During the 1965 season, Joe quickly realized his new Knucklehead-powered drag bike was on par with his previous build, but Joe knew he needed more. He began to experiment with “Tipping the can.” Joe started adding nitromethane to his tank with other components to create a fuel blend.
Gasoline and nitromethane did not mix properly together. Fuel cars were running blends of 86/14 nitromethane to methanol, and sometimes 50/50 was given a shot, as well as a variety of other additives.
Quickly horsepower levels came up, and so did the performance; and parts breakage came with that as well. He tried “boxing” his connecting rods for added strength and fabricated stronger motor mounts. These were steps in the right direction, but what Joe needed was a bigger, stronger motor.
Joe began looking at the new Harley Davidson big-twin motors just coming into production: The Harley Davidson Shovelhead engine. Joe’s beloved Knuck went out of production in 1947. The Panhead motor took center stage from 1948 to 1965. In 1966, when Joe Smith was serious about getting back on top in motorcycle drag racing, the new Shovelhead motor was the latest generation of engine available.
In 1966, Joe removed the Knuck from his frame rails, then made whatever chassis modifications he needed to to stuff the new Shovelhead into the drag bike chassis. It was time to take his motorcycle drag racing to a new level.
Coincidently, by the mid-1960’s, after-market motorcycle racing parts were starting to emerge. In 1967, the S&S Cycle company released their new “fuel” carburetors to motorcycle racers. Leo Payne got S&S #2, and Joe Smith received S&S carburetor #3. These new carbs were a huge improvement in fuel-air distribution. Stroker kits were now readily available for Harley Davidson engines. Motorcycle drag racing was taking off, and Joe Smith was right out front.
The quickest elapsed time and fastest miles per hour Joe ever recorded with his gasoline-fed Knucklehead up until 1959 was an 11.02 ET at 129.00 mph and a 10.52 ET at 138.00 mph on fuel. When he returned to the drag bike wars in 1964/65 his personal best ever runs with his Knucklehead bike resurrected improved to a 10.80 ET at 132.00 mph on gasoline and a 9.39 ET at a whopping 162.00mph on nitro. When Joe put the Shovelhead motor into the bike, he increased to times of 8.64 at speeds of 177.40 mph in the years to come. Joe’s education in gas and fuel from the 1950s was now starting to pay off.
The year 1967 marked the start of the modern era for Top Fuel bike as a class and for Joe Smith Racing. Joe’s family was now taking on a more stable form. Son Eugene was now eleven and his daughter Patti turned eight, so the kids could travel better on racing weekends. Smith family racing was starting to take shape.

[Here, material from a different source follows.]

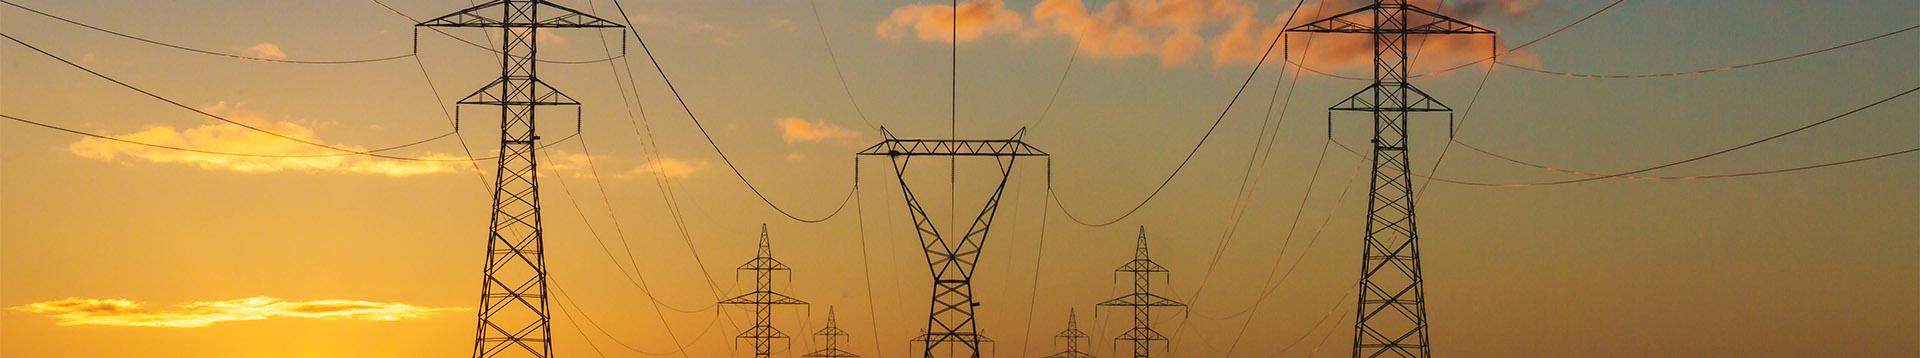 banner-industry-energy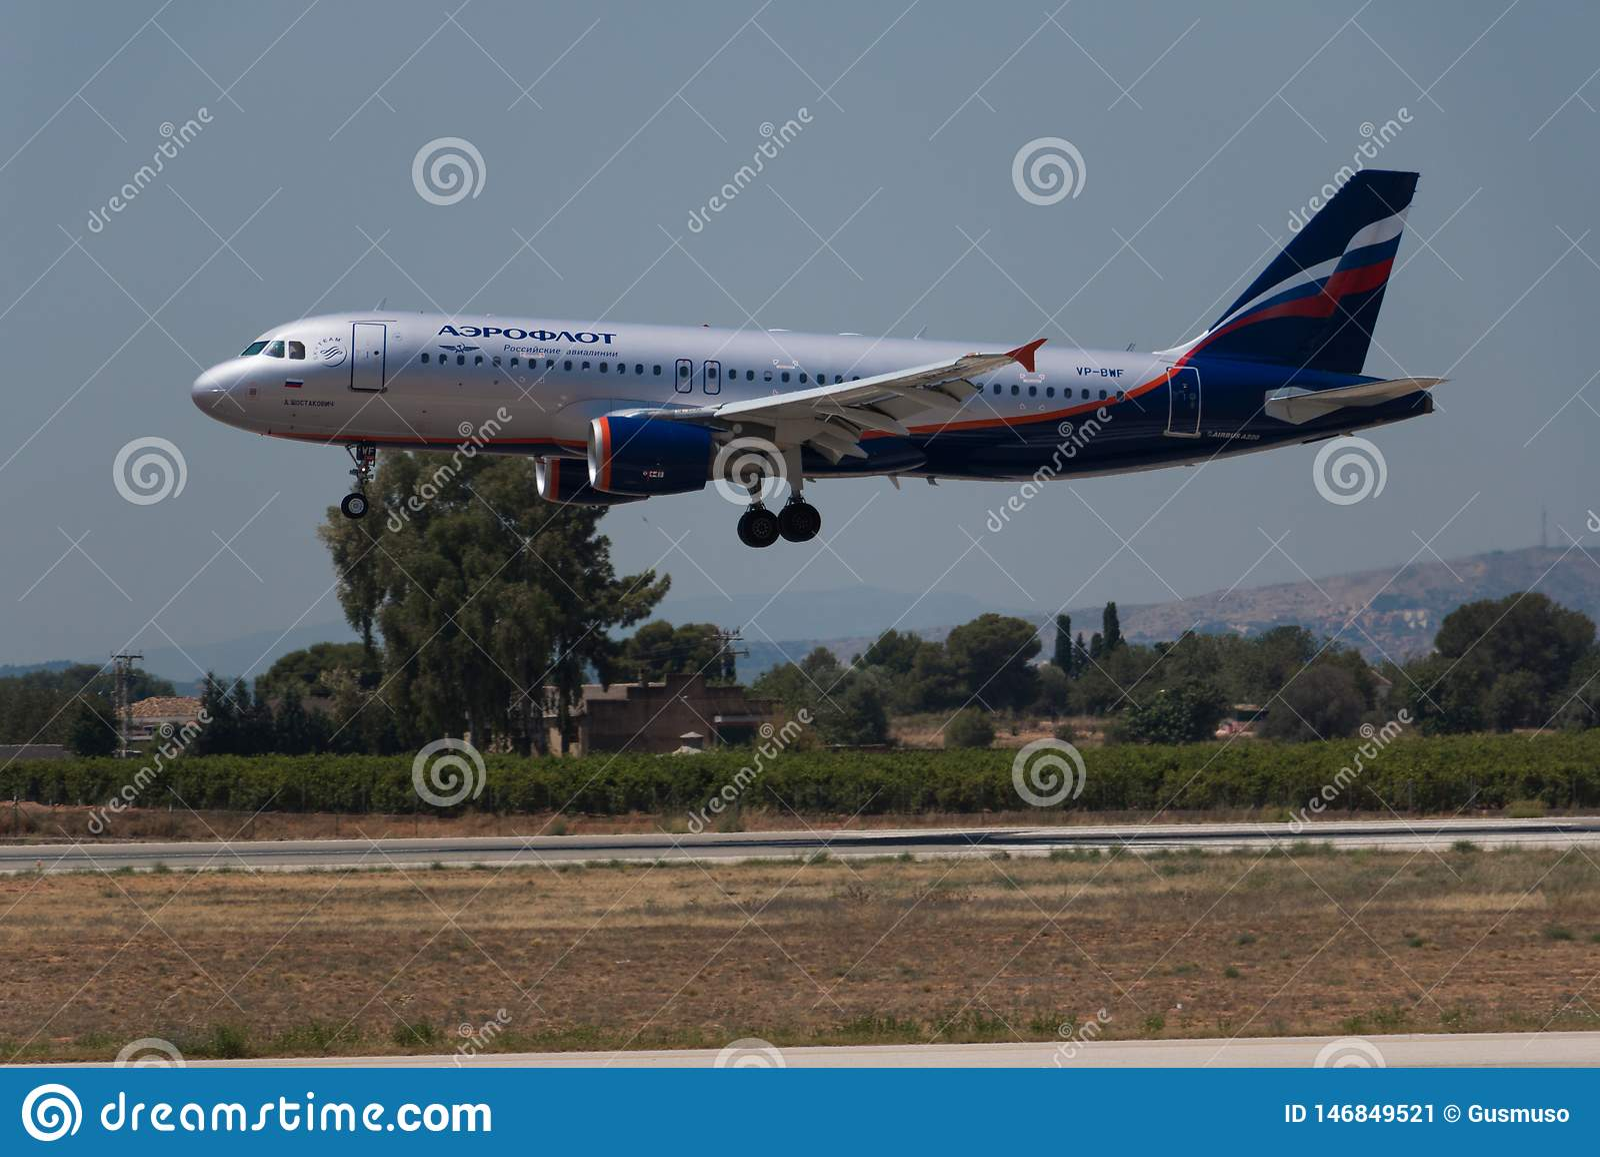 Manises, Spain - June 16, 2016: Aeroflot Airbus A320 landing at Manises airport in Valencia, Spain

In the mid-1960s, when Joe first started using the Shovelhead engine, he built his first one with a set of Panhead engine cases and installed a 4 1/2 inch set of S&S flywheels inside, pushing a pair of 3 and 13/16 inch pistons. Initially, the jugs were S&S manufactured, but he changed to Burkhardt Engineering cylinders in the seventies. The valve lift came from a .525 lift Leineweber camshaft, and the entire configuration yielded 102 cubic inches.
A Harley Davidson four-speed transmission was installed behind the motor set up by Joe for fuel racing. Joe used third gear as his first gear to launch the bike, then when the RPMs were right, he shifted into high gear; so the bike was run as a two speed that he hand shifted.
To further accommodate the loads generated by nitromethane racing, Joe used a special throw-out arm and bearing he fabricated. He then removed the kick start cover and made a blank-off plate to take its place. There wasn’t much done to the gearbox to handle the stress of nitromethane racing, but later in his fuel bike developments, he removed the third gear to make it a high gear only bike. A stock Harley Davidson Big Twin clutch was first used and then modified by using Barnett clutches which he could use as a hand-activated slider. A Triumph spoke type rear-wheel sat in the chassis, accommodating a 4″ wide Avon tire in the back. All racing modifications were hand crafted by Joe Smith.
It should be noted in the mid to late 1960s, Bob Laidlaw of Laidlaw Harley Davidson was Joe’s initial backing sponsor. The complete top floor above the main showroom was full of old Harley Davidson parts of all kinds at Laidlaw’s, and that’s where Joe acquired most all his parts, including the rear wheel, to build his race bike. When Joe was racing, and something broke, the loft was where Joe went for parts, including when he put the Shovel top end on the Panhead bottom end. Everything using Panhead parts came from surplus up in the loft. The only thing that didn’t was his hand-built frame in the chicken coop.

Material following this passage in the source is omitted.